The new regulations will treat crypto exchanges and payment processors as money service businesses (MSB), which requires them to report large transactions — those over $10,000 Canadian dollars ($7700 USD) — and a new Know Your Customer (KYC) threshold set at transactions of $1000 CAD ($770 USD). The draft also contains a cost-benefit analysis, which reveals the regulations would cost about $61 CAD mln ($47 mln USD) over the next 10 years.
—- More Updates from our legal sources:
Key Takeaways —
- Determining whether securities laws apply to an offering of tokens is dependent on the economic realities of the offering as a whole. Emphasis should be placed on substance over form when making the determination.
- Multiple step token offerings can be subject to securities laws. If a token delivered at a second or later step maintains security-like attributes, the CSA may consider it to be a security.

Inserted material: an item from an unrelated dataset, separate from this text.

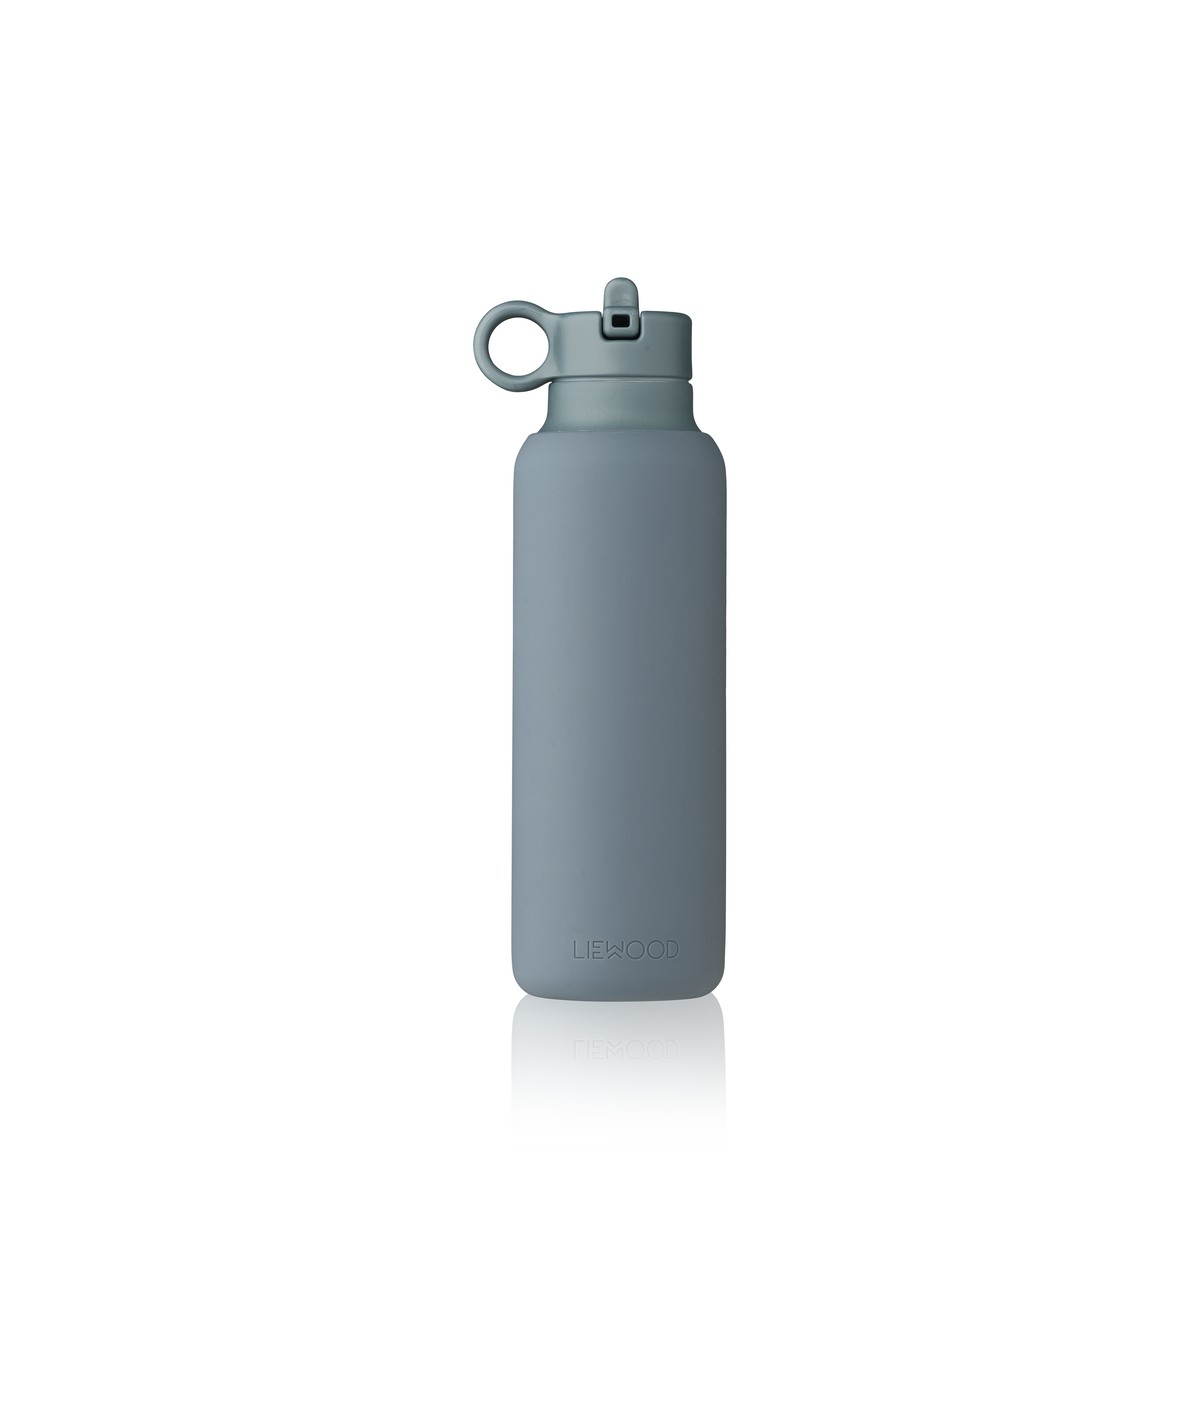 Botella Termica, Capacidad De 500 ML. Libre BPA, Acero Inoxidable,  Antigoteo

Summary and Background — The Staff Notice provides additional guidance on the Canadian regulatory approach to cryptocurrency offerings and funds and offerings and follows Staff ongoing engagement with numerous industry participants. Cryptocurrency offerings are often similar to initial public offerings of shares or equity. This resemblance is because the offering can involve the distribution of an investment contract, and/or the offering and/or the tokens issued under the offering are otherwise securities. Cryptocurrency offerings that involve the sale of securities will be subject to securities laws.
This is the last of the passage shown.